Perform min-max normalization on the input signal
:param x: Input 1D sequence
:return: Normalized sequence
"""
return (x - x.min()) / (x.max() - x.min())
[docs]
def z_score_normalization(x: np.ndarray) -> np.ndarray:
"""
Perform Z-score normalization on the input signal
:param x: Input 1D sequence
:return: Normalized sequence
"""
return (x - x.mean()) / x.std()
[docs]
def max_absolute_normalization(x: np.ndarray) -> np.ndarray:
"""
Perform Max Absolute normalization on the input signal
:param x: Input 1D sequence
:return: Normalized sequence
"""
return x / np.max(np.abs(x))
[docs]
def decimal_scaling_normalization(x: np.ndarray) -> np.ndarray:
"""
Perform Decimal Scaling normalization on the input signal
:param x: Input 1D sequence
:return: Normalized sequence
"""
max_abs_value = np.max(np.abs(x))
scaling_factor = 10 ** np.ceil(np.log10(max_abs_value + 1))
return x / scaling_factor
[docs]
def is_1d(x: np.ndarray) -> bool:
"""Check if the input sequence is one-dimensional"""
if np.ndim(x) != 1:
return False
else:
return True
[docs]
def is_complex(x: np.ndarray) -> bool:
"""Check if the input sequence is a complex sequence"""

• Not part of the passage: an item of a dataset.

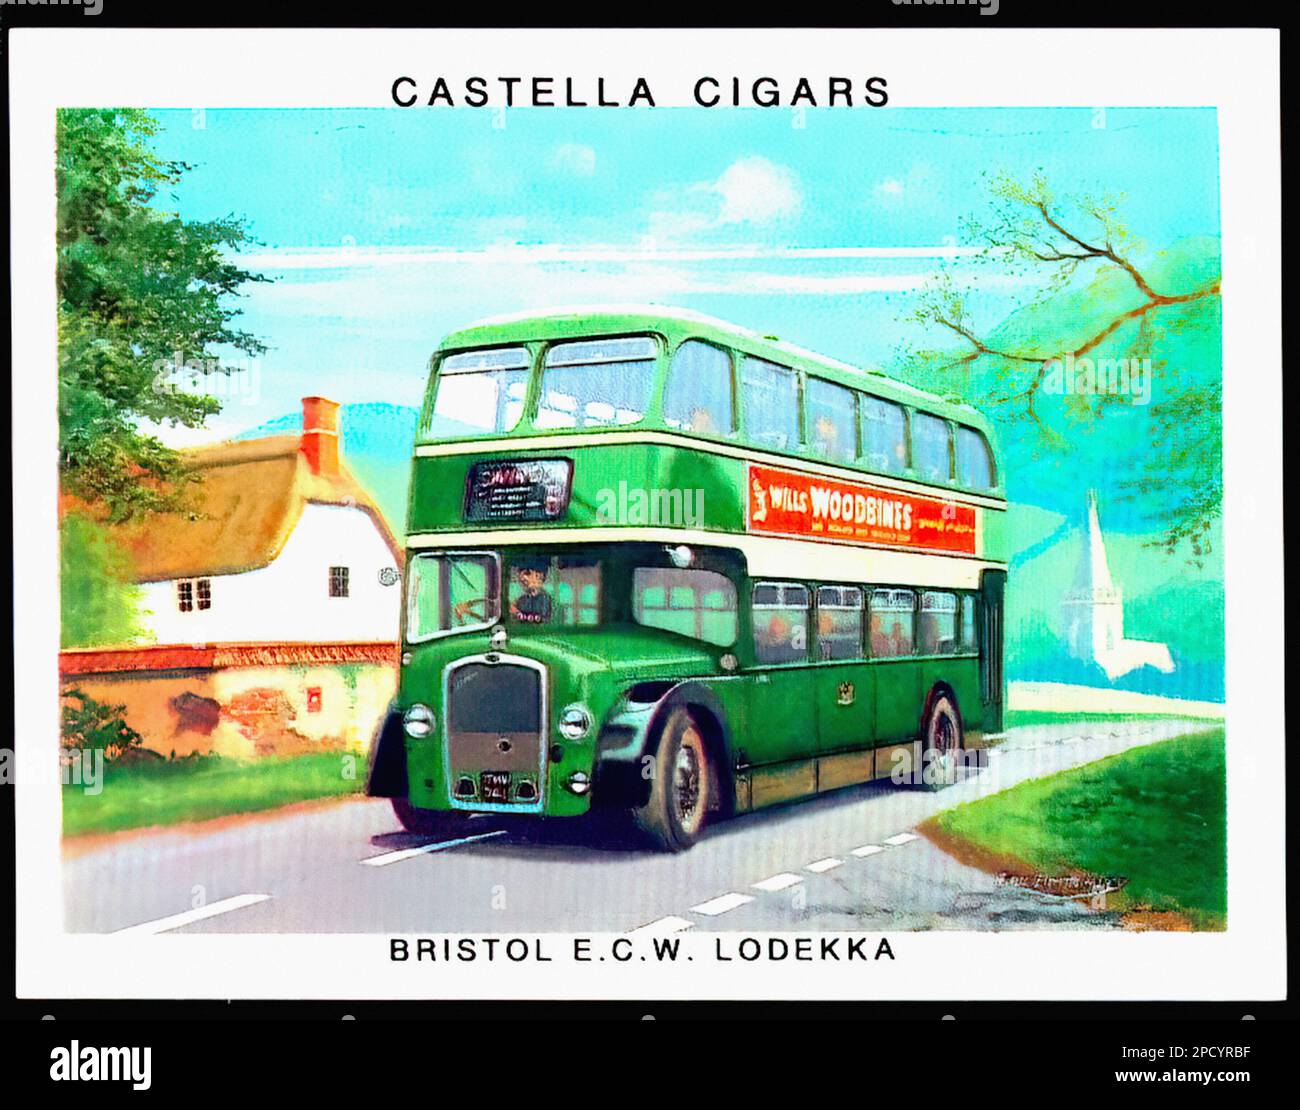 Bristol E.C.W. Lodekka Bus - Car Vintage Cigar Card Stock Photo

return isinstance(x, (complex, np.complex64, np.complex128))
[docs]
def to_1d(data: np.ndarray) -> np.ndarray:
"""
Transform any data to a 1D numpy ndarray
:param data: None, float, int or ndarray of any data type
:return: the transformed 1D numpy ndarray
"""
# Ensure the data type is correct
data = np.asarray(data)
# If the data has no dimensions, add one
if np.ndim(data) == 0:
return np.asarray([data])
# If the data is already one-dimensional, return it directly
elif np.ndim(data) == 1:
return data
# Handle more complex multi-dimensional data
else:
data = np.squeeze(data)
if np.ndim(data) == 1:
return data
else:
return np.ravel(data)
[docs]
def to_2d(data: np.ndarray, column: Optional[bool] = False) -> np.ndarray:
"""
Transform any data to a 2D numpy ndarray
:param data: None, float, int or ndarray of any data type
:param column: Whether to output a row vector or a column vector.
Determines where the new dimension is added.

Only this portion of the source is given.